Go through the records and extract every line with the word "beach".
━━━━━ Excerpted data ━━━━━
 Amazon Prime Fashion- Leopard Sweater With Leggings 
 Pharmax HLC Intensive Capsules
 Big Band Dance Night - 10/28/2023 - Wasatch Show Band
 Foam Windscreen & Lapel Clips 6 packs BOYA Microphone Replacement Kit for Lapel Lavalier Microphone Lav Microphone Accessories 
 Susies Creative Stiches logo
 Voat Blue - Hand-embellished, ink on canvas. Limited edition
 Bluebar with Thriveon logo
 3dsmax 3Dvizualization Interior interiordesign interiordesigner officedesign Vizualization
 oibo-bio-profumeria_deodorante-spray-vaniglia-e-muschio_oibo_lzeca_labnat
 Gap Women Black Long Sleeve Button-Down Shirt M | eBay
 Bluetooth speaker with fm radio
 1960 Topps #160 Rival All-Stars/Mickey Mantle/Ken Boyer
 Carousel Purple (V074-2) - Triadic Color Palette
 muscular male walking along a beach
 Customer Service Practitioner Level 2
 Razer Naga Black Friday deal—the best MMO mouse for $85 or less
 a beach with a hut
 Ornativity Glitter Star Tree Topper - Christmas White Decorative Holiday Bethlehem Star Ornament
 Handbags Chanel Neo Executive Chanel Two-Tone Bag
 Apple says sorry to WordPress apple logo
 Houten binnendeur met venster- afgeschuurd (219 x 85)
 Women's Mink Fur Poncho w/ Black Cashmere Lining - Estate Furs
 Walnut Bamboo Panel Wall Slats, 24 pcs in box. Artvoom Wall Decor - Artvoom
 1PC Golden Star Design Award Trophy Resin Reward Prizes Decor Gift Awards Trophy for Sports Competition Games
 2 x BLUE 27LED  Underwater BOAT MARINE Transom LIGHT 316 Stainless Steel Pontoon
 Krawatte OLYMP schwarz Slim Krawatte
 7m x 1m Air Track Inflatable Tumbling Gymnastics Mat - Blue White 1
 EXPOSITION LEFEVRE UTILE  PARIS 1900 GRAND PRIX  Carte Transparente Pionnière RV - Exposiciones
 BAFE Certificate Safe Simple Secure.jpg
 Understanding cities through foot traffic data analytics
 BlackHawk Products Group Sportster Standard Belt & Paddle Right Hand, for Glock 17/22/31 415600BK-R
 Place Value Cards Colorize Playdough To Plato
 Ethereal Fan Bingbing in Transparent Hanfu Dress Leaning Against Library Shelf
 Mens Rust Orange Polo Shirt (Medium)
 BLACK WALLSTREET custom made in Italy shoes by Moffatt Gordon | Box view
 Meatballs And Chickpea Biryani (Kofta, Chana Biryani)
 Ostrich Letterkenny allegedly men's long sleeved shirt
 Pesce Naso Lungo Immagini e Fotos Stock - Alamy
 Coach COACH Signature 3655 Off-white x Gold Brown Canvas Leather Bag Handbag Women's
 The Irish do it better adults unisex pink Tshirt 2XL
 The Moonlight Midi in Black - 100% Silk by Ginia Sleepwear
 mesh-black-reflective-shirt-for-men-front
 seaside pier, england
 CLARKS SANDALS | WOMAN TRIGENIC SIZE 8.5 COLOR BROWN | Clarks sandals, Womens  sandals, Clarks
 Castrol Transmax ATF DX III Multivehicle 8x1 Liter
━━━━━
Output below →
 muscular male walking along a beach
 a beach with a hut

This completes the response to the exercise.